■ Problem description
Reproduce each line of the following material exactly, omitting the images.

Segment Start: Dataset section

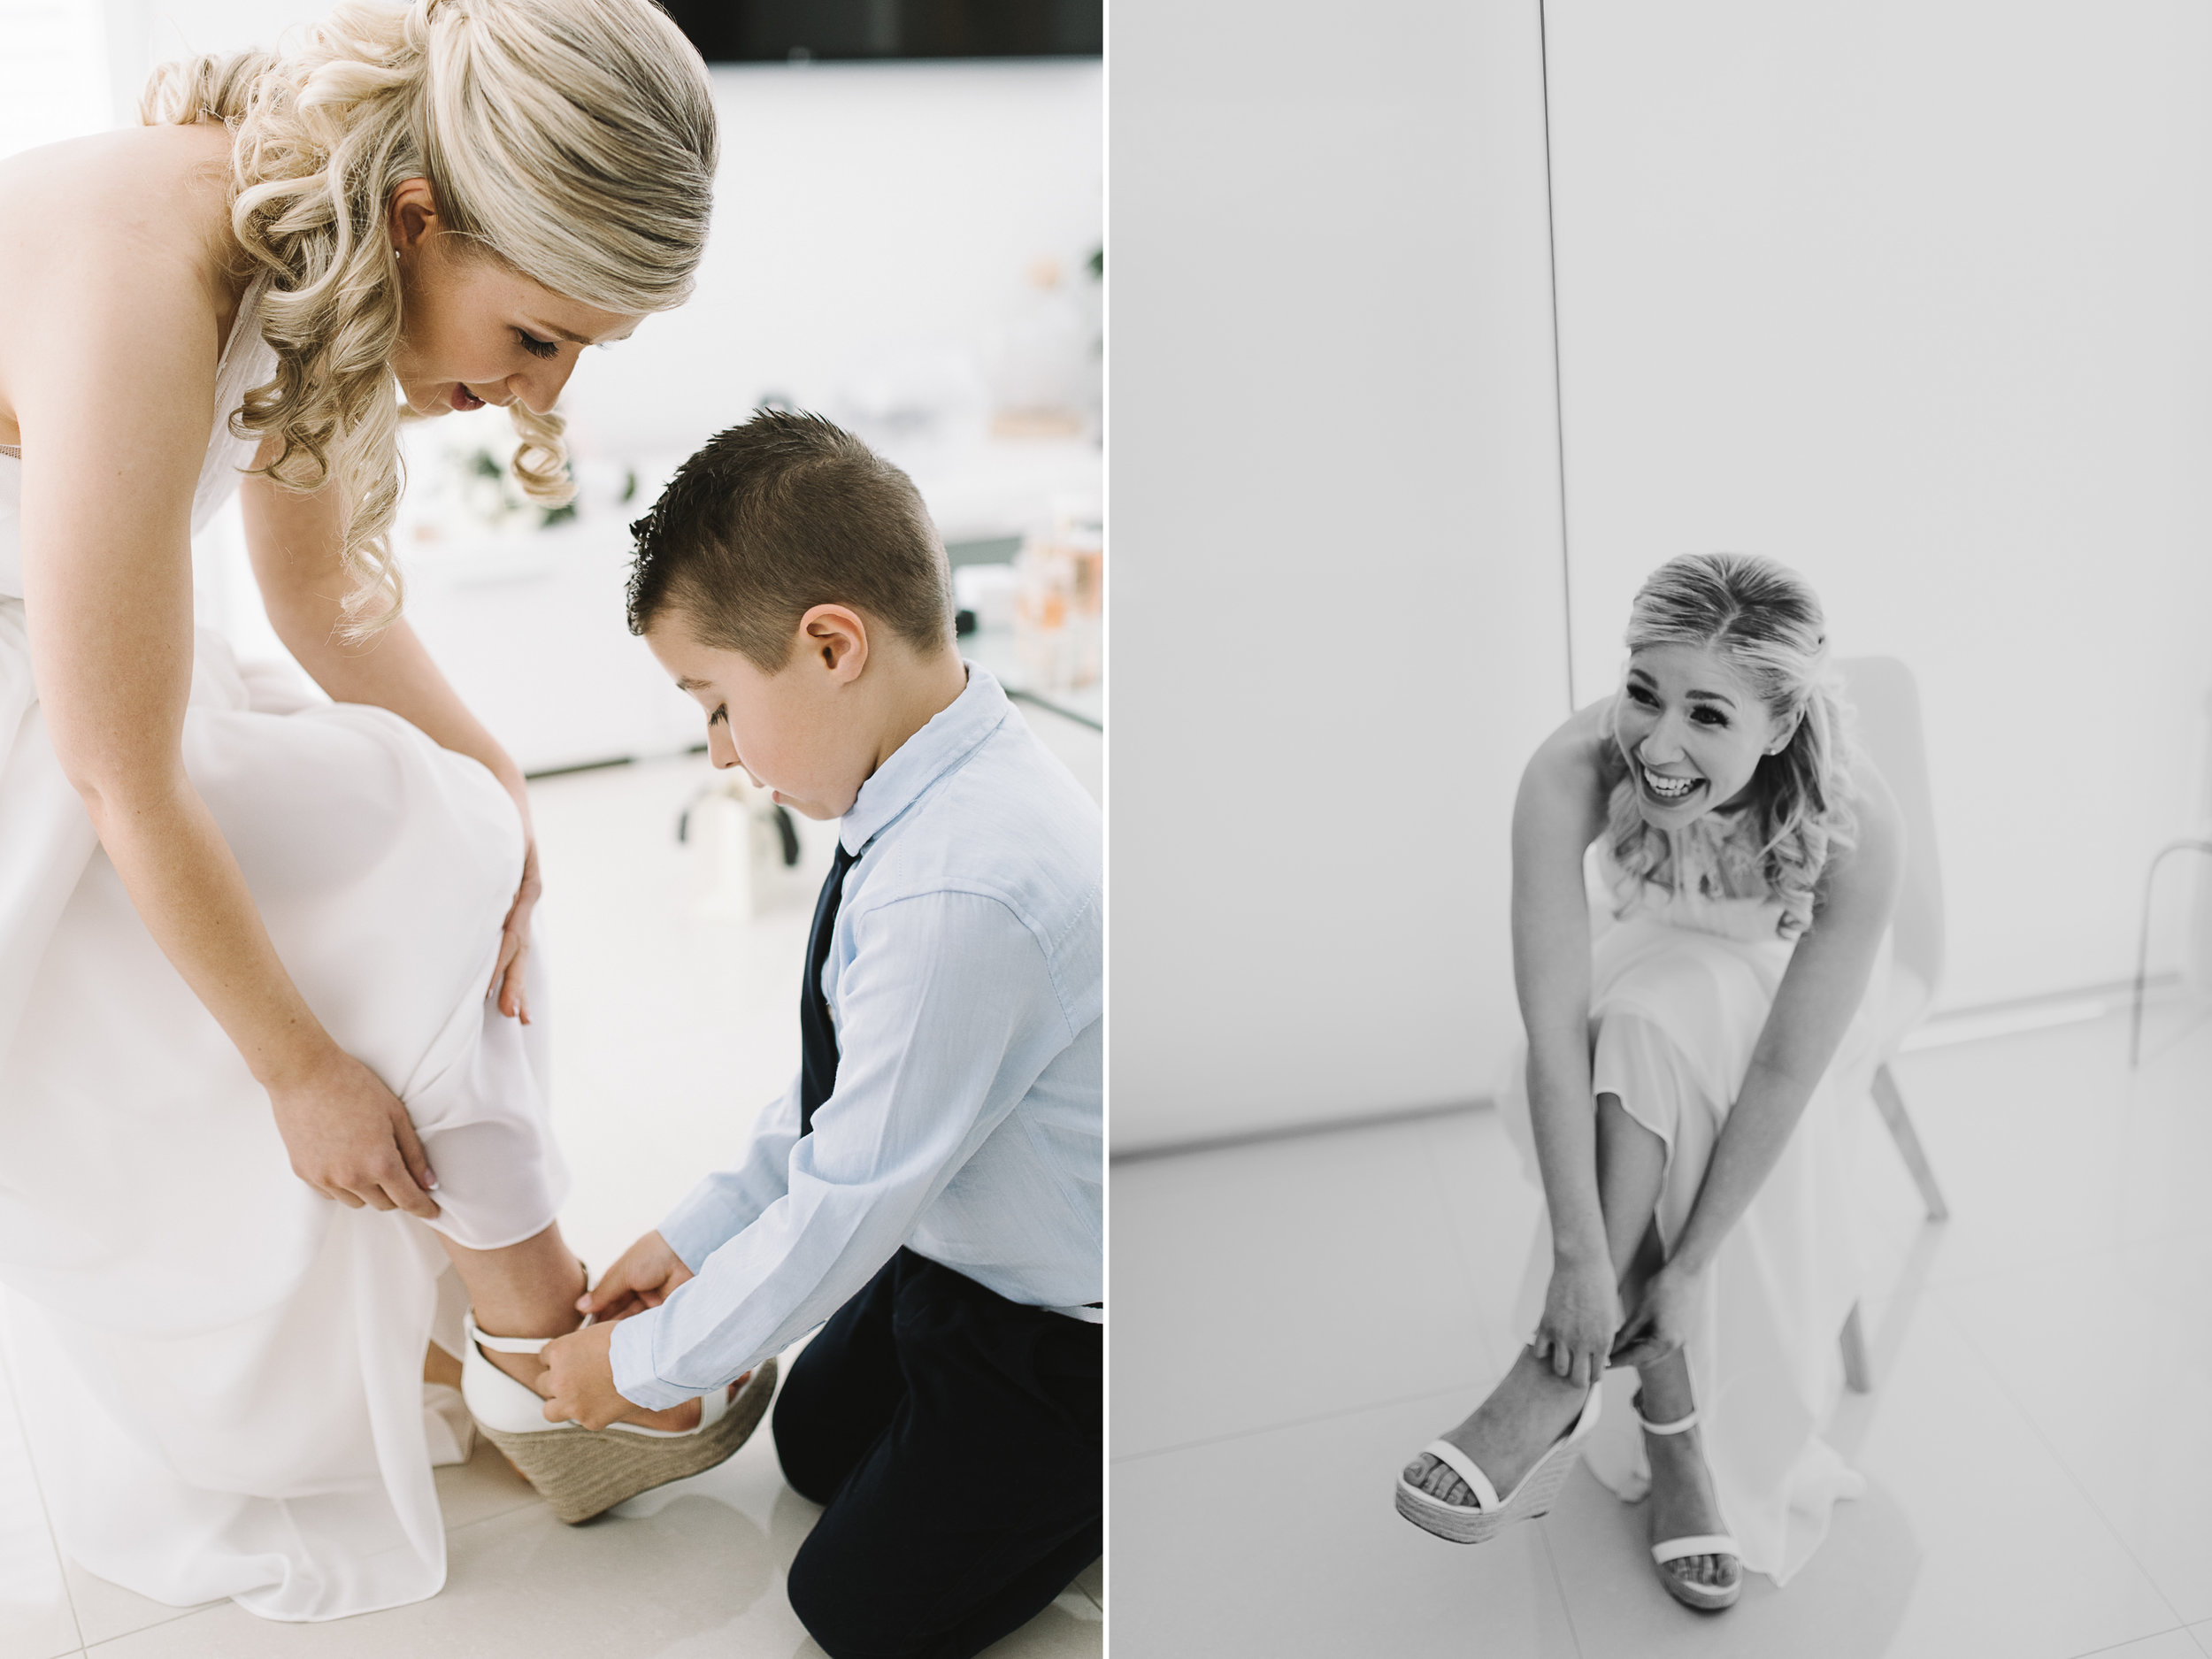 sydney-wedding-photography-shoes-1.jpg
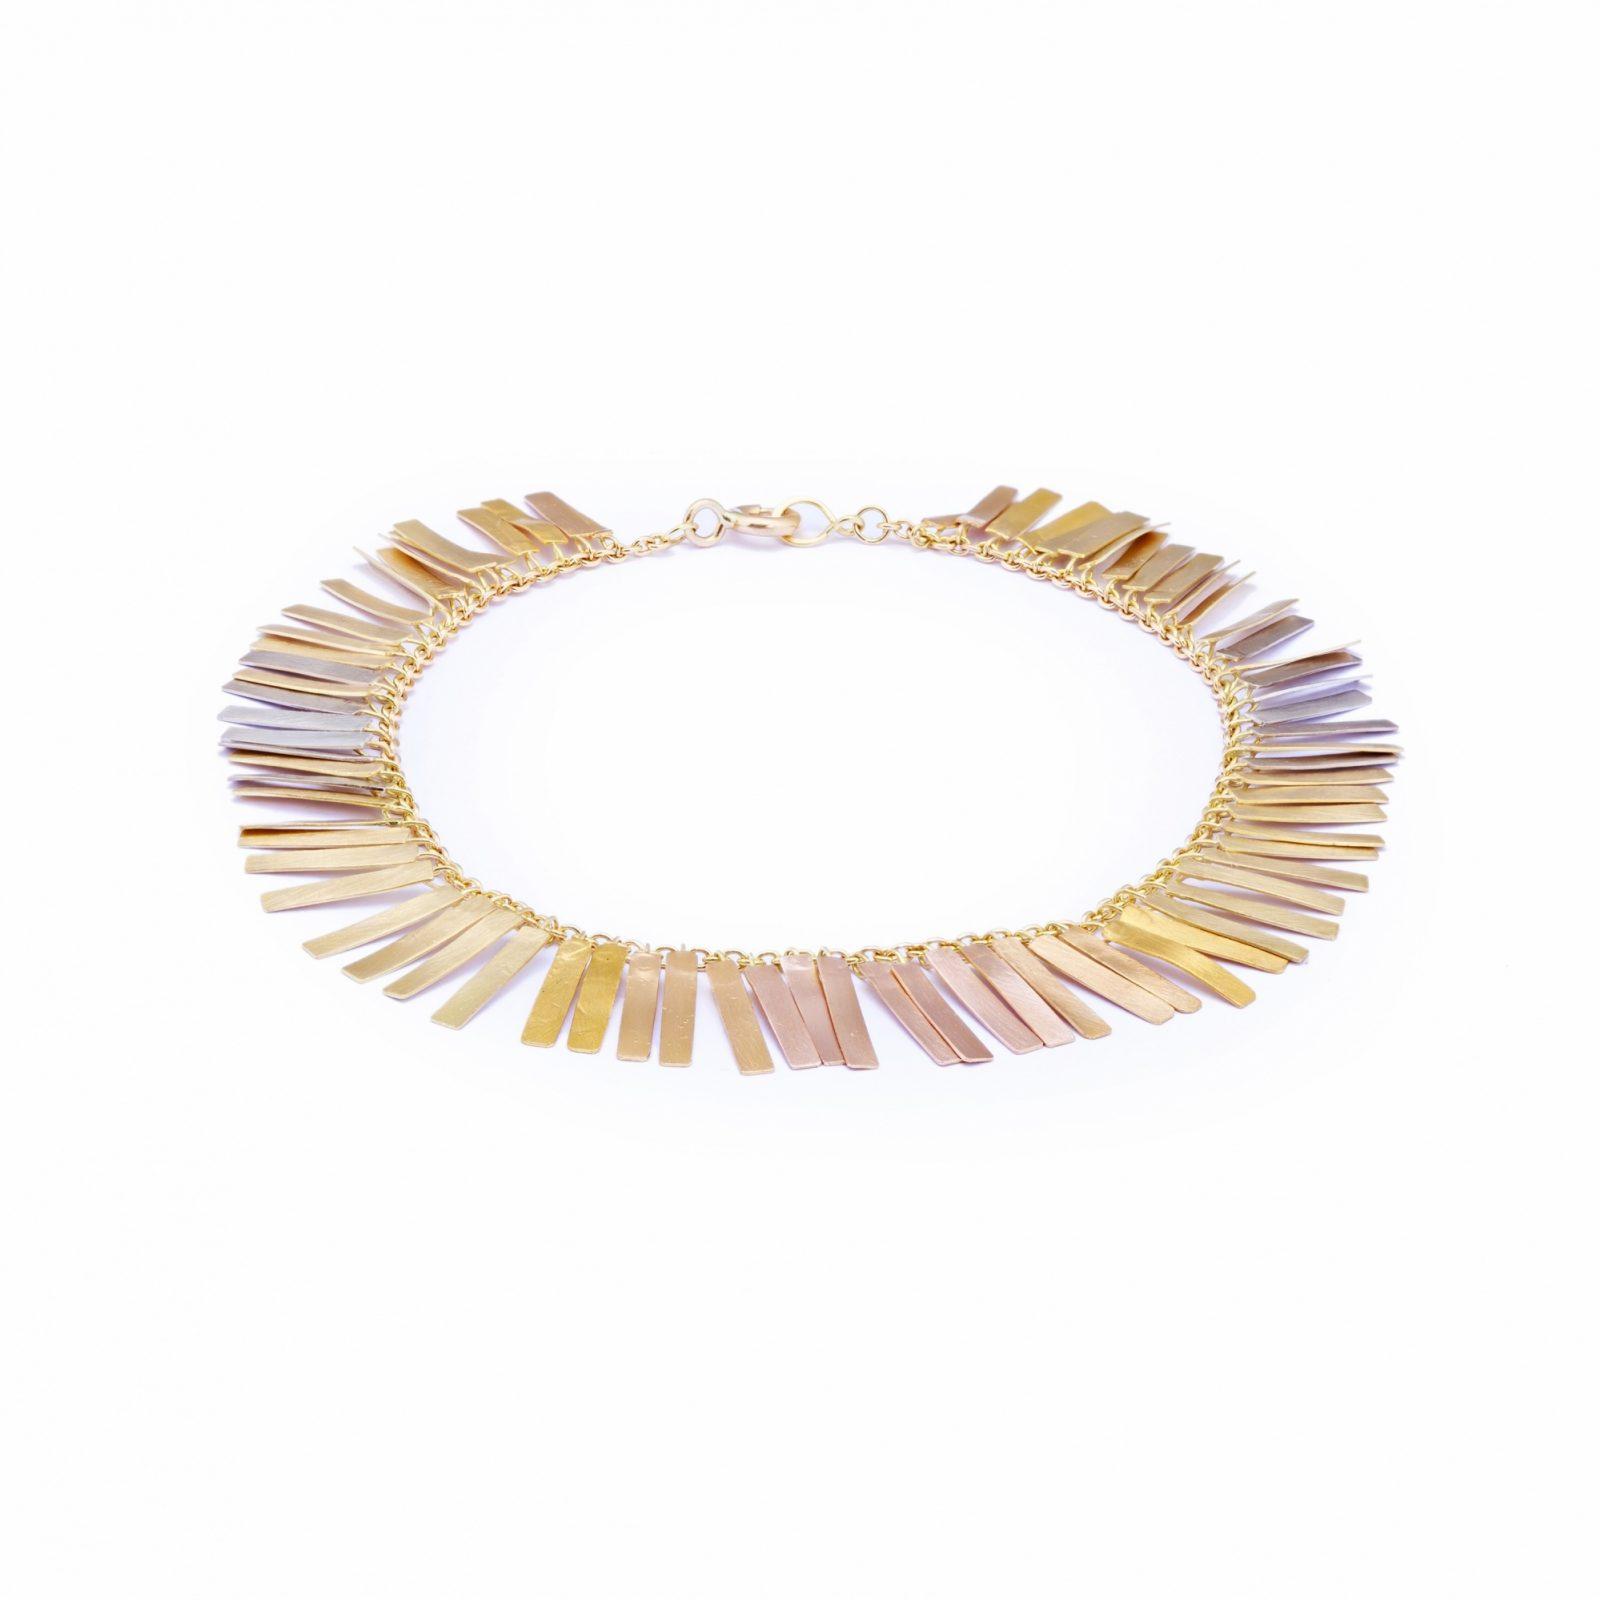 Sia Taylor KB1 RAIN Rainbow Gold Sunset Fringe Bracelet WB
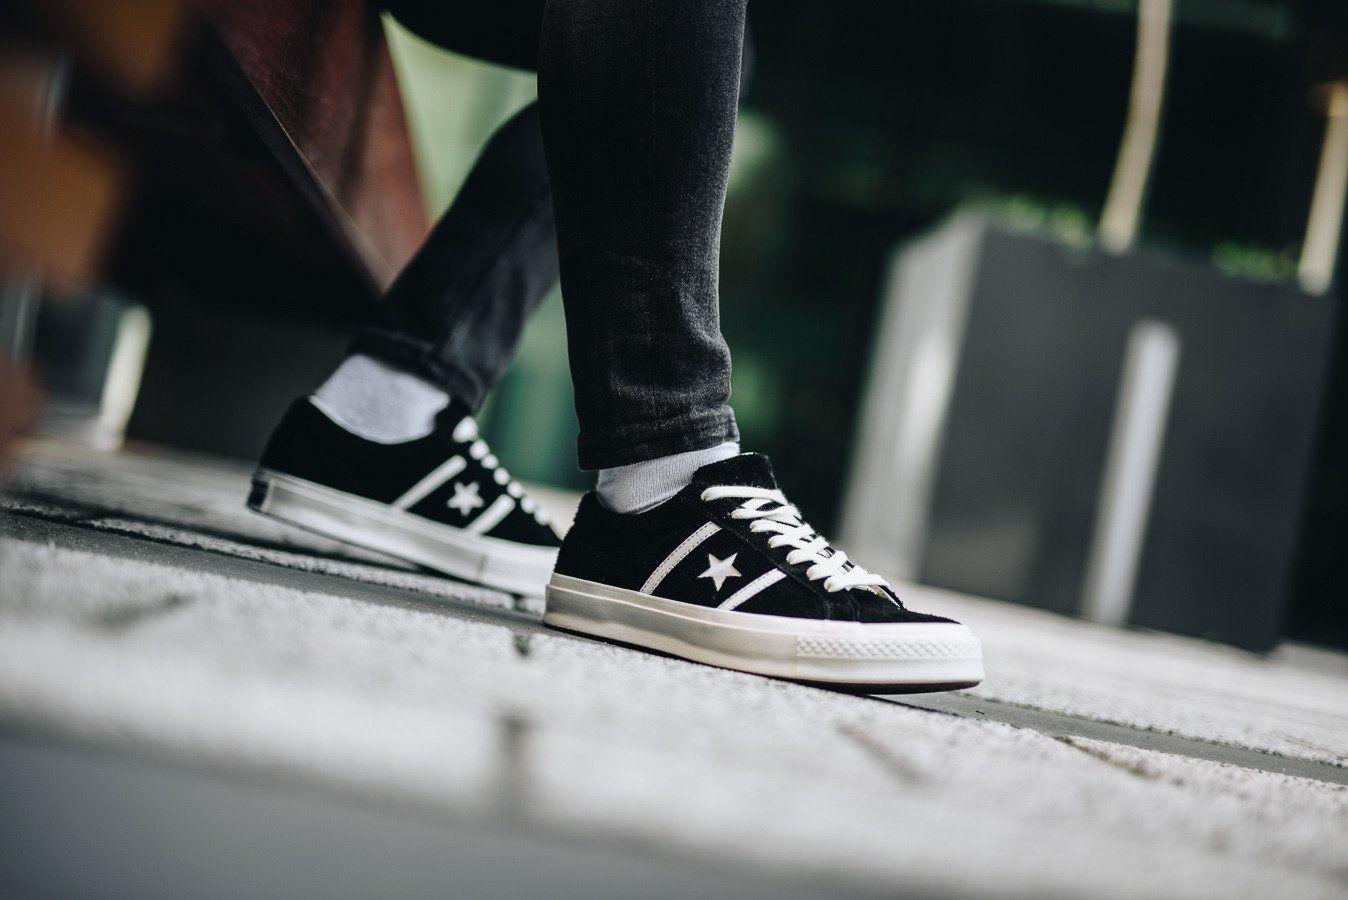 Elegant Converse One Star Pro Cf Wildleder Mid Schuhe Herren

Segment End: Dataset section

■ Solved problem
 sydney-wedding-photography-shoes-1.jpg
 Sia Taylor KB1 RAIN Rainbow Gold Sunset Fringe Bracelet WB
 Elegant Converse One Star Pro Cf Wildleder Mid Schuhe Herren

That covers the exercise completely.